Greta puts a bowl in front of me. I stare at it.
“Eat,” she says. “You need it, honey.”
I eat.
Merric finds me before I’ve finished the coffee.
“East ridge,” he says, setting the patrol map on the table without sitting down. “Dane flagged an unfamiliar scent on the south approach early this morning. Thought it was a transient.”He traces the approach line with one finger. “I want it confirmed. Take Sienna.”
Why me.
He reads my face. “Because you read terrain better than anyone I have.”
That’s true, so I don’t argue. Even though I have a sense of apprehension climbing up my spine.
Sienna is at the east gate when I get there. We shift and go out on four legs — faster, and the scent reads cleaner in wolf form. The morning air is cool off the ridge, carrying the night’s damp. The compound drops away behind us.
I pick up his trail within a quarter mile.
My wolf knows it before I do. She goes still mid-stride, nose working, every hair along my spine lifting in a slow wave. I stand there on the limestone with Sienna three yards back and let the full weight of it hit.
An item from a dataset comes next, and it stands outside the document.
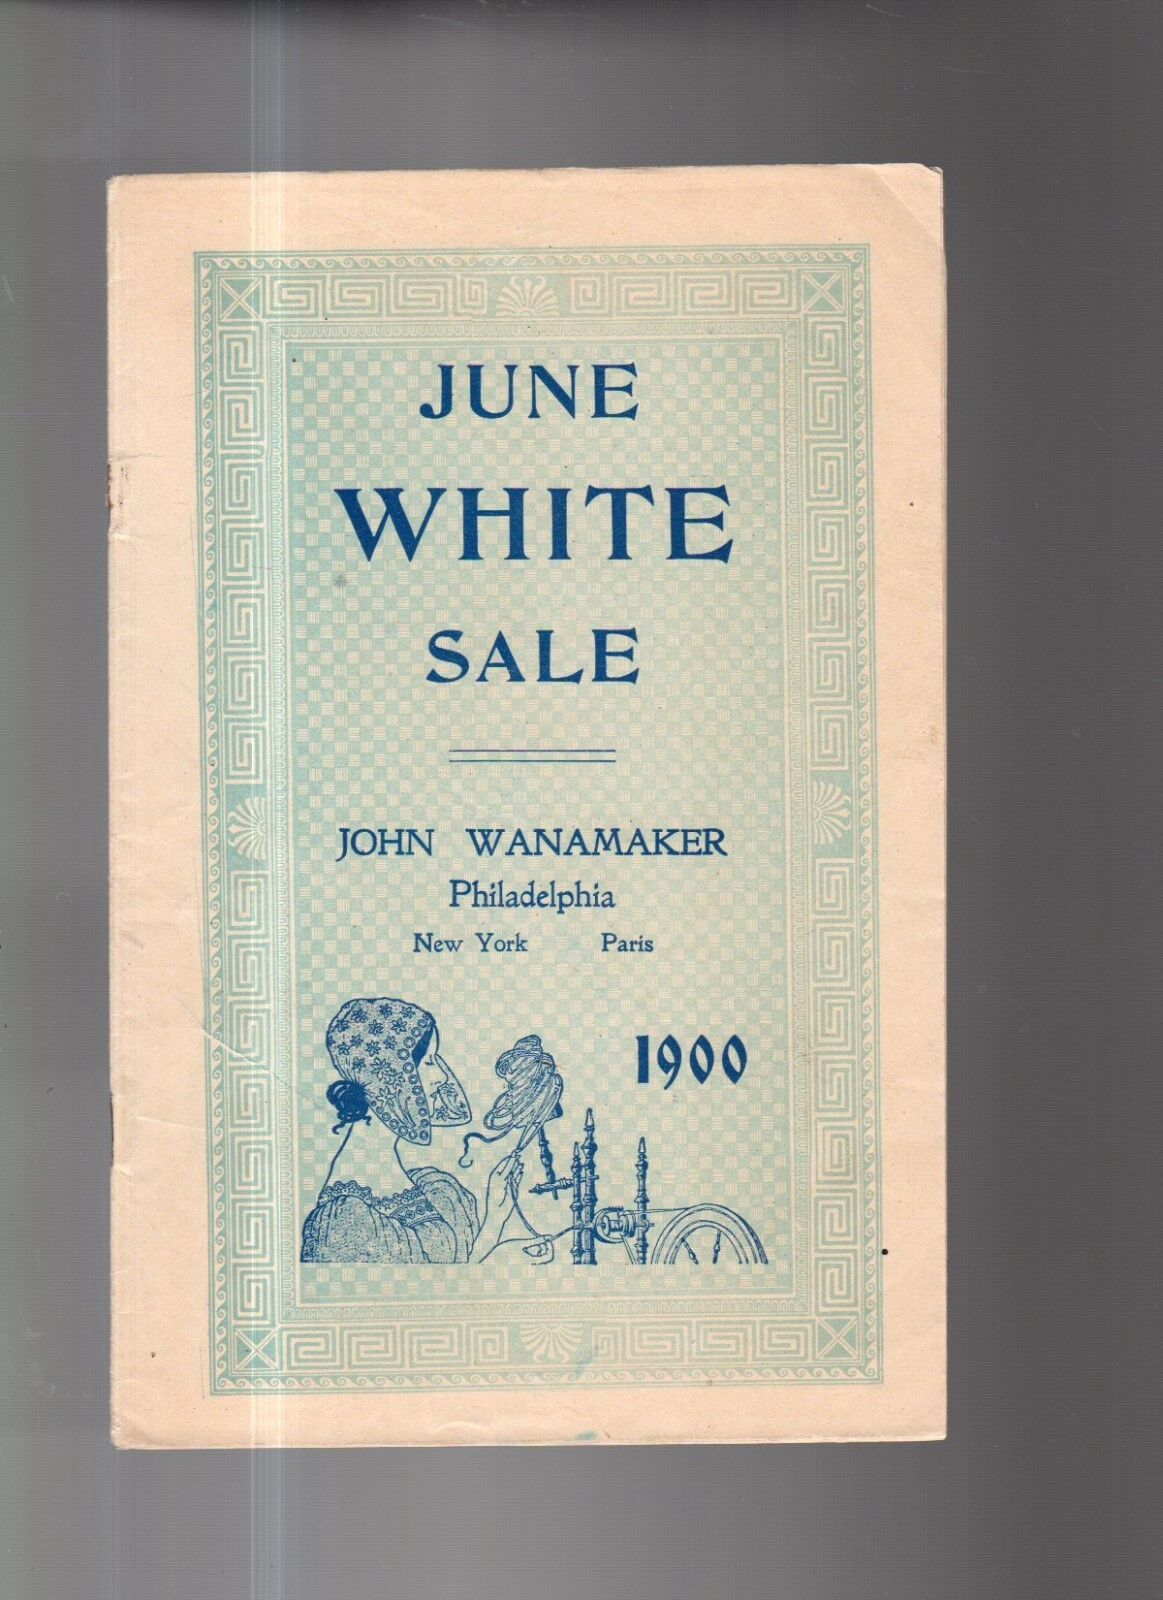 1900 Wanamaker Weiß Angebot Katalog - Herren Shirts, Schlafanzug; Golf Röcke,

Male. Alpha. Dense with dominance. The concentration of him that I’ve been carrying in my head for days, and now it’s on the stone under my paws, fresh enough that he stood here less than twelve hours ago.
My body makes a sound I don’t authorize. Low, barely a vibration. Sienna’s ears rotate toward me.
Stop.
I move forward. Nose down. Reading.
He’s been methodical. The trail doesn’t wander, it circles, wide and deliberate, the pattern of an animal charting a territory rather than crossing it. He’s been checking the approaches, the gaps in patrol coverage, the places where terrain screens movement. This isn’t a wolf stumbling through unfamiliar ground. This is reconnaissance.
He’s been waiting.
We follow the circle east, then south, then back north, where it cuts toward the high ridge. Sienna tracks behind me, reading what I’m reading.
The resting place is in a hollow under a limestone overhang, screened on three sides by scrub. He’s been here more than once — the ground is worn, the same body in the same position, a shallow depression that holds his shape. I lower my nose to it.
Still warm.
My wolf goes rigid. The warmth in the stone and the scent rising from it — him, hours ago — hits my body like stepping into a current. The heat I’ve been managing since dawn comes up through the herbs and the cold morning and the sheer effort of this. I stand there breathing until it drops back to something I can cope with.
I shift to human. Sienna shifts beside me.
“Same wolf as the south approach,” I say. My voice comes out even. “He’s been circling. Single wolf, no contact attempted.” I look at the hollow, the worn ground. “Start back. Tell Merric what we found.”
“And you?”
“I’ll track north. See where the circle ends.”
She nods. She goes where she’s sent and asks the questions that need asking. The question she doesn’t ask — the one I can see in the way she holds herself before she turns back down the ridge — I’m grateful for.
I wait until she’s out of scent range. Then I follow the trail north.
I already know he’s up here. My body has known since I stepped out of the east gate this morning. The pull tightens with every step. I follow the trail. I keep my nose on the stone.
The trail ends in the boulder field at the ridge’s crest.
Not ends. Stops. The scent is the strongest it’s been all morning. He’s here now.